Pros & Cons of Invoice Factoring
Some benefits associated with factoring financing include that there is generally no minimum credit score requirement, it’s a fast way to receive cash, and experts will handle your accounts receivables (A/R). Conversely, the factoring company may have direct contact with your customers, selling your invoices relinquishes a level of control, and factoring can be expensive.
The pros of invoice factoring include that:
- The creditworthiness of your customers is considered: With invoice factoring, your customer’s creditworthiness is more important than yours. This means you’re able to get financing even if you have poor credit.
- You get to work with accounts receivable experts: A potential upside to invoice factoring is the ability to develop relationships with A/R management experts. Because this is what your invoice factoring company does daily, it has good accounts receivable management techniques.
- It provides a quick source of cash: Invoice factoring provides a quick source of cash. You can get approved within two to seven days and funded in one to three days. There are, however, other fast business loans you could consider. It’s always good to weigh your options.
The cons of invoice factoring include that:
- The factor may communicate with your customers: You can expect your invoice factoring company to contact your customers, and the level of interaction will vary by provider.
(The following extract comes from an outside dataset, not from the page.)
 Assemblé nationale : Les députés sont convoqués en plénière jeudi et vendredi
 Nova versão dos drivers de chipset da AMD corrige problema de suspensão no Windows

If your business is in an industry where invoice factoring is common, this may not be a problem.
- The cost is expensive: With invoice factoring, not only are the interest rates higher than with other types of financing, but there is also the potential for additional fees. It’s important to read your contract to make sure you understand the total costs involved with this form of financing.
- Your invoices are sold: A feature of invoice factoring is that you’re selling, or assigning, your invoices to the factoring company. While this gives you an immediate source of cash, you’re also giving up some control and will expose you to a blanket Uniform Commercial Code (UCC) filing.
Factoring financing can seem more difficult than getting a loan from a bank. However, what makes factoring financing complicated is also what makes it appealing. You can borrow money based on your unpaid customer invoices to meet your immediate cash flow needs. As long as your clients pay promptly, the cost of factoring is more affordable than many other short-term business loan alternatives.